Set up environment variables 
* UPSTAGE_API_KEY


In [3]:
# @title set API key
from pprint import pprint
from rich import print as rprint

import os

import warnings

warnings.filterwarnings("ignore")

if "google.colab" in str(get_ipython()):
    # Running in Google Colab. Please set the UPSTAGE_API_KEY in the Colab Secrets
    from google.colab import userdata

    os.environ["UPSTAGE_API_KEY"] = userdata.get("UPSTAGE_API_KEY")
else:
    # Running locally. Please set the UPSTAGE_API_KEY in the .env file
    from dotenv import load_dotenv

    load_dotenv()

assert (
    "UPSTAGE_API_KEY" in os.environ
), "Please set the UPSTAGE_API_KEY environment variable"

In [14]:
rag_base_url = "https://experimental-api.x.upstage.ai/rag-api/"

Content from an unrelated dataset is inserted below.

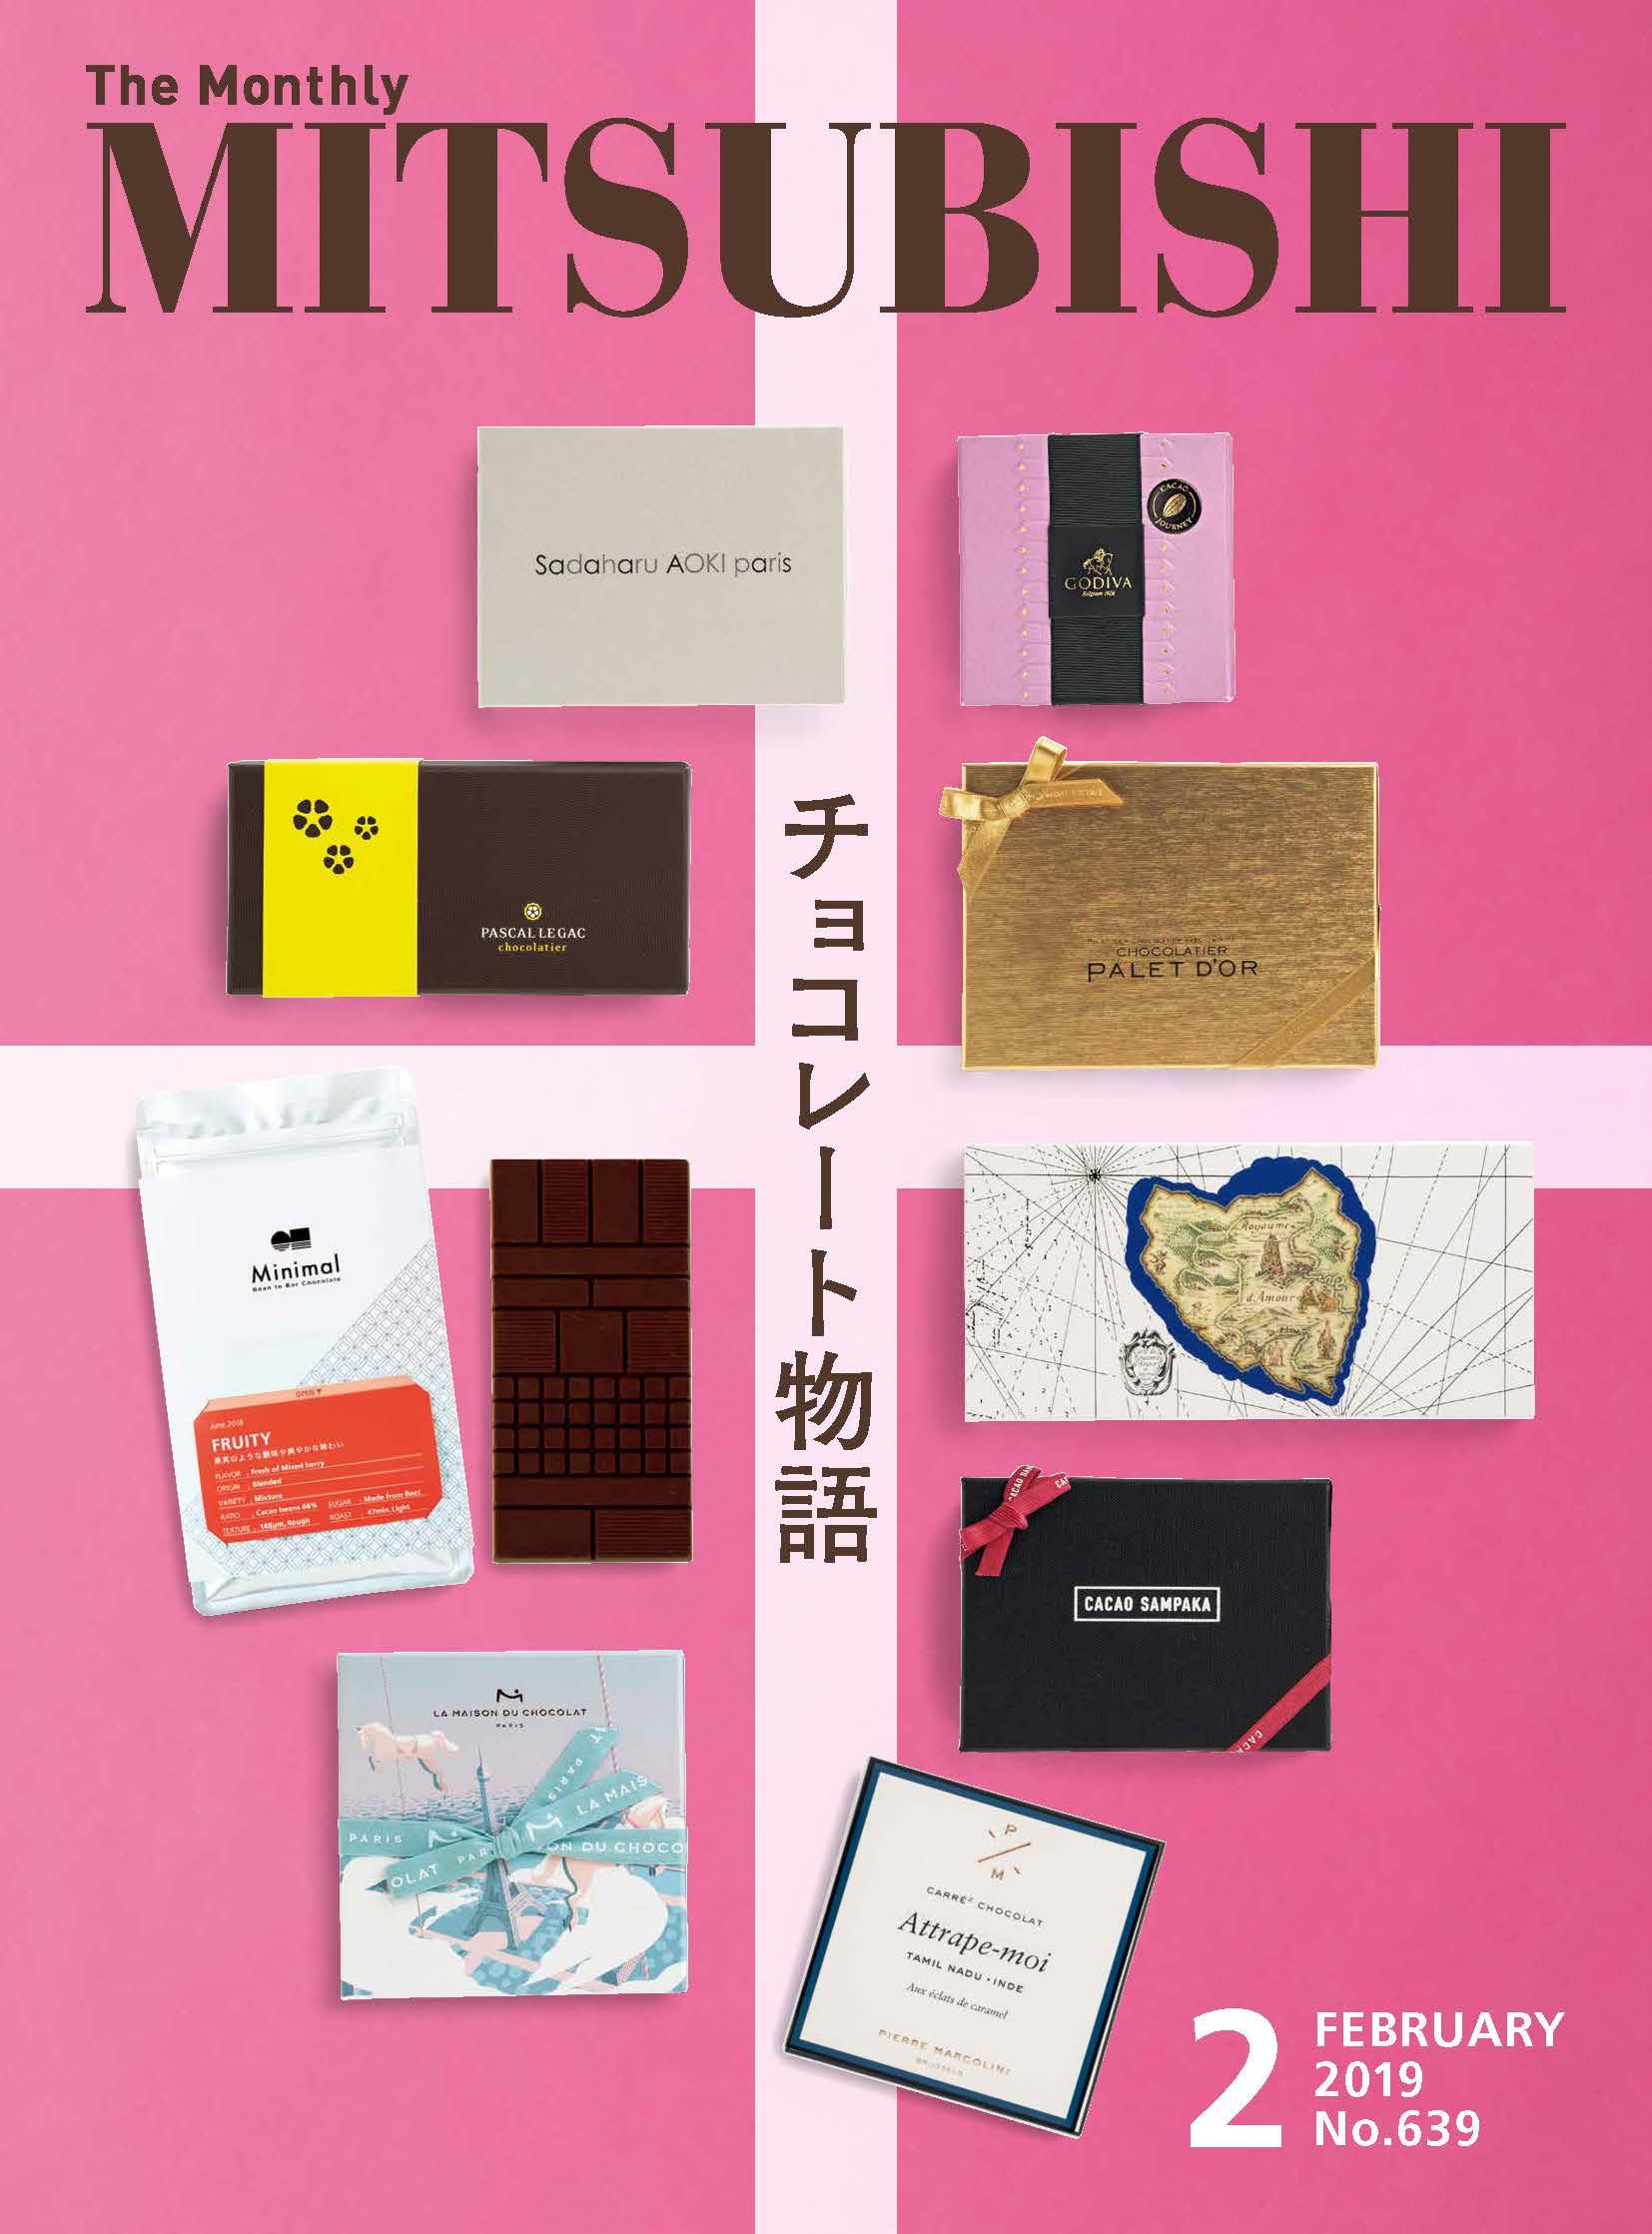 THE MONTHLY MITSUBISHI
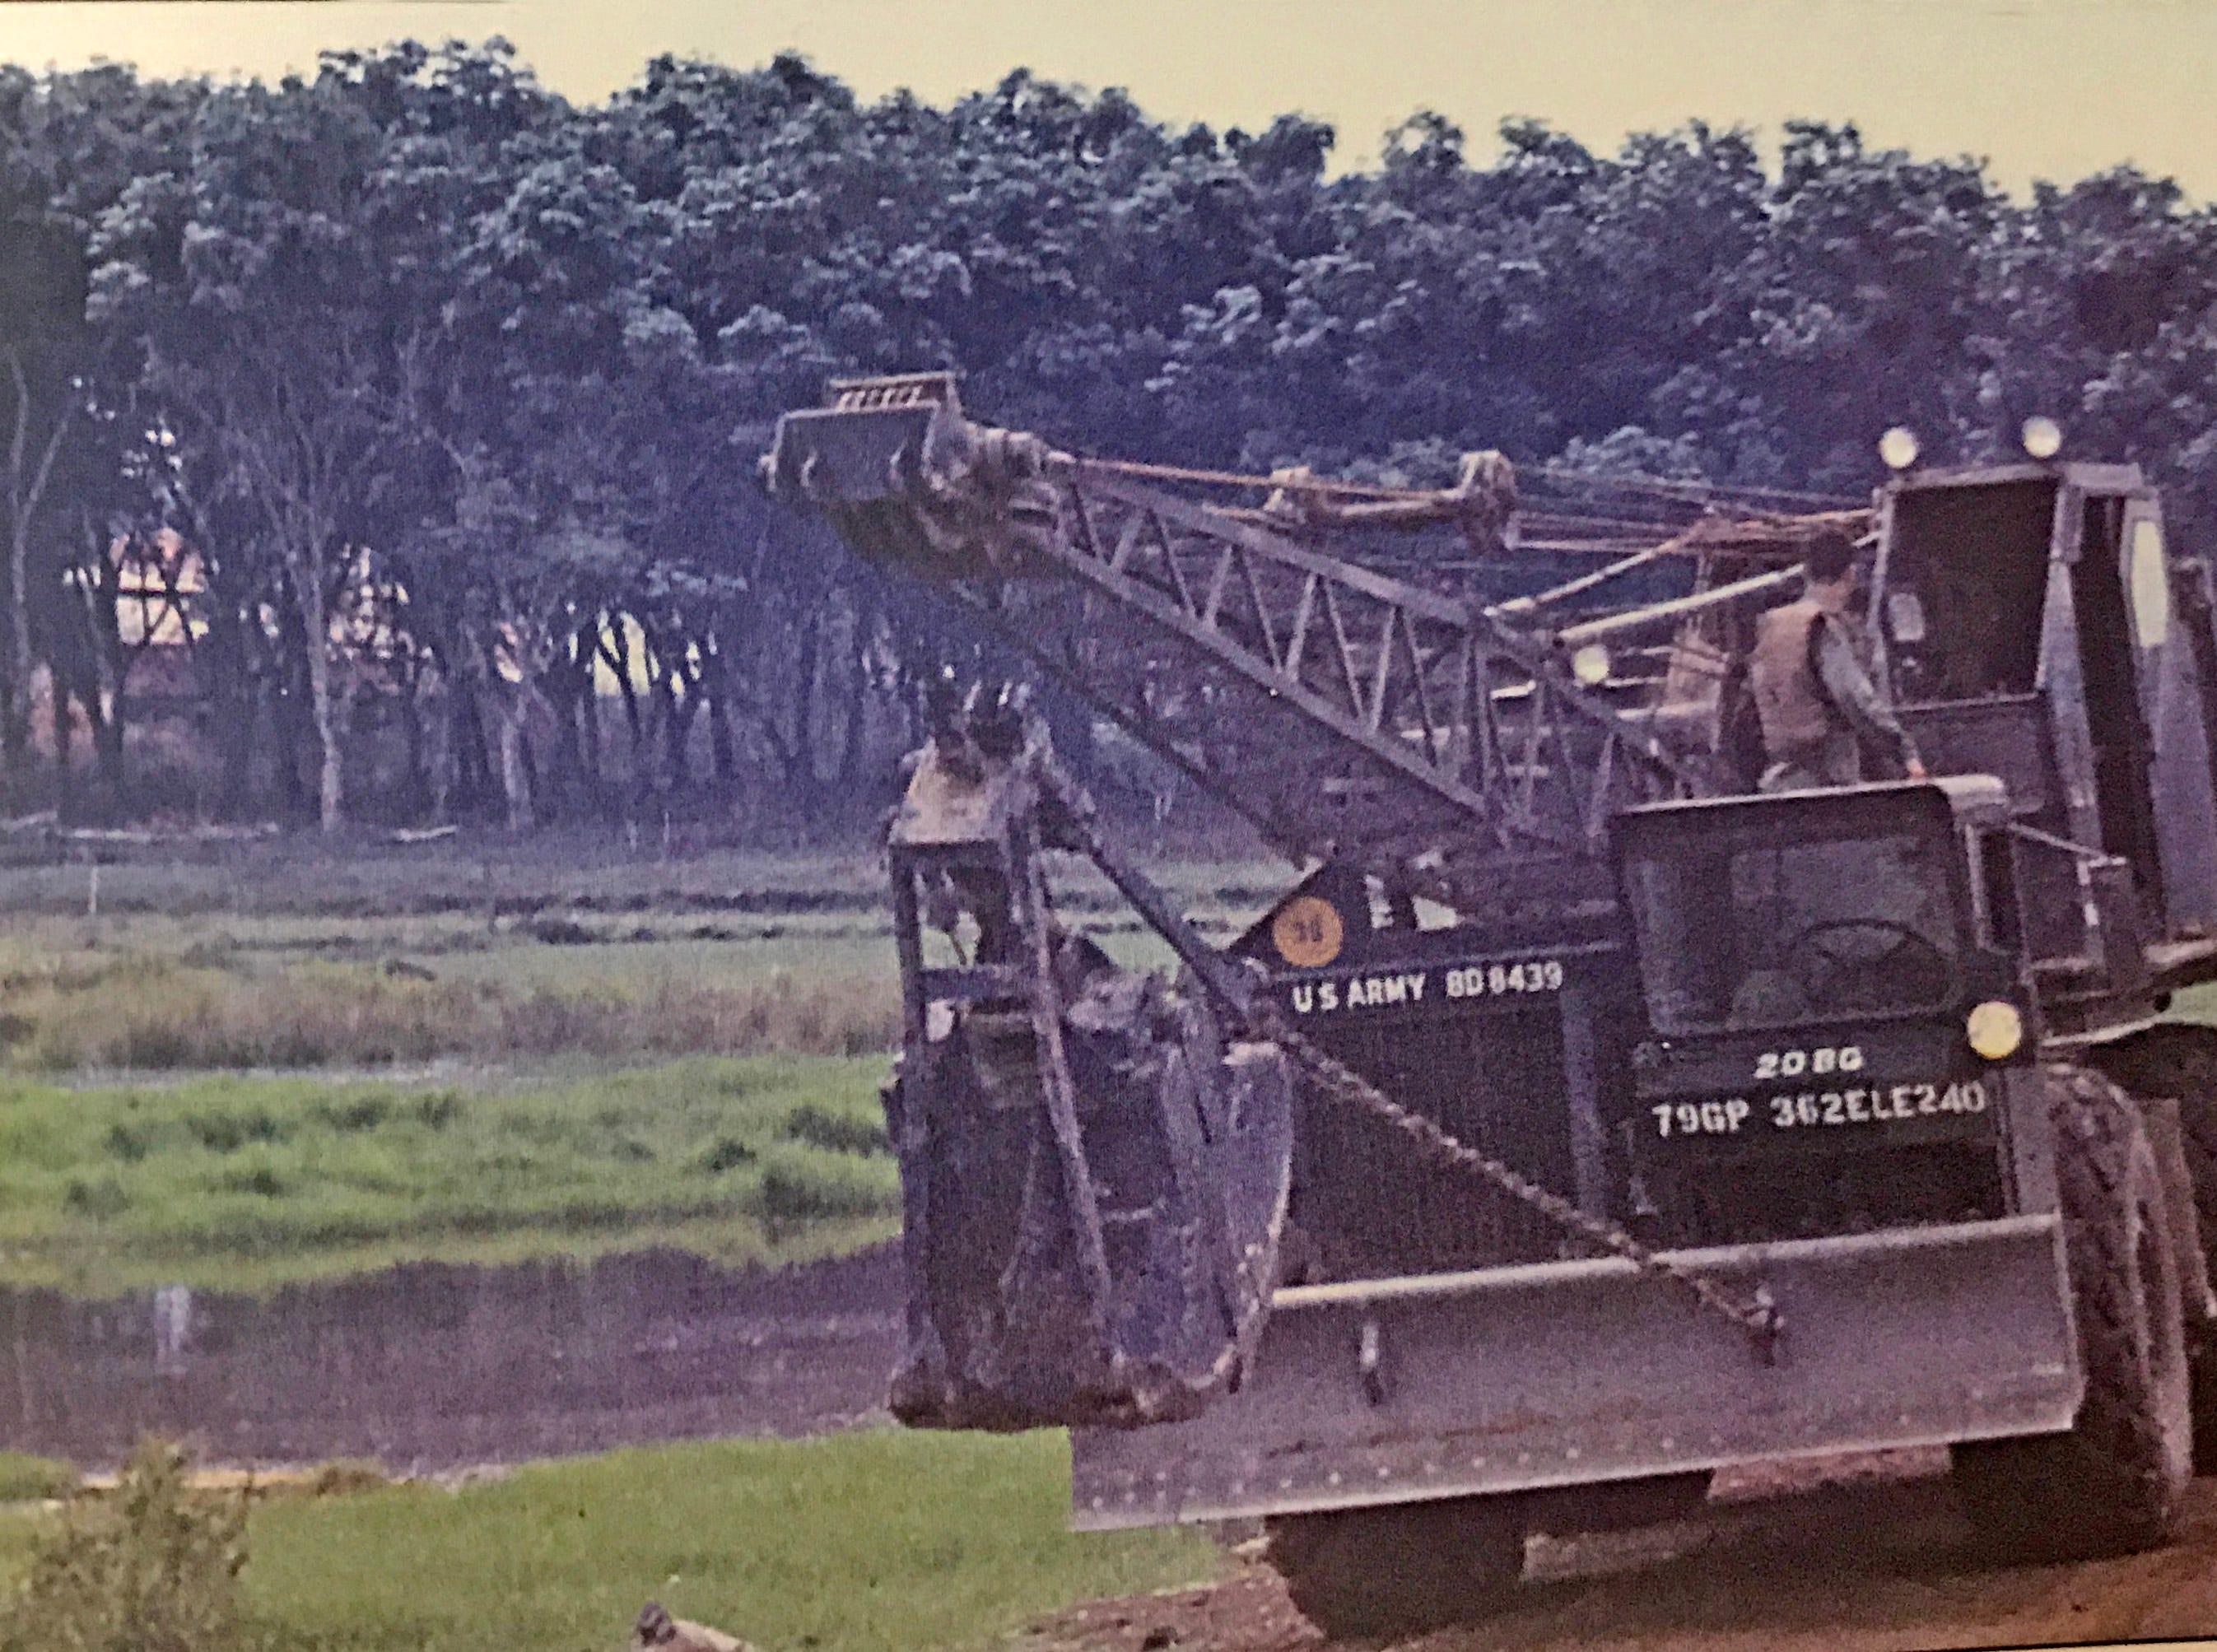 Lloyd and his crane in Vietnam.

# Plase chose your model name
rag_model_name = "sung-pro-1001"

In [24]:
from openai import OpenAI


client = OpenAI(base_url=rag_base_url, api_key=os.environ["UPSTAGE_API_KEY"])

print("Building/Rebuilding the index...")
directory = "pdfs"
# Upload all files in the pdfs folder
for file in os.listdir(directory):
    file_path = os.path.join(directory, file)
    with open(file_path, "rb") as f:
        file_response = client.files.create(
            file=f, purpose="assistants", extra_body={"model_name": rag_model_name}
        )
        rprint(file_response)

print("Index build/rebuild submission completed.")

public_model_name = file_response.public_model_name
print("Public Mode Name:", public_model_name)

Building/Rebuilding the index...


Index build/rebuild submission completed.
Public Mode Name: 36127e427ea30842d7f1


In [16]:
# Import necessary libraries
from langchain_upstage import ChatUpstage as Chat

# Initialize the ChatUpstage model
# Use the previously defined rag_model_name and rag_base_url
chat = Chat(model=rag_model_name, base_url=rag_base_url)

# Send a query to the chat model
question = "What's the Document AI?"
response = chat.invoke(question)

# Print the response content in a formatted way
rprint(response)

# Upstage RAG-API Configuration Options

The `Chat` object is initialized with several options to customize its behavior:

1. `api_key`: The API key for authentication. Get from https://console.upstage.ai/

2. `model`: The name of the RAG (Retrieval-Augmented Generation) model to be used.

3. `base_url`: The base URL for the RAG API.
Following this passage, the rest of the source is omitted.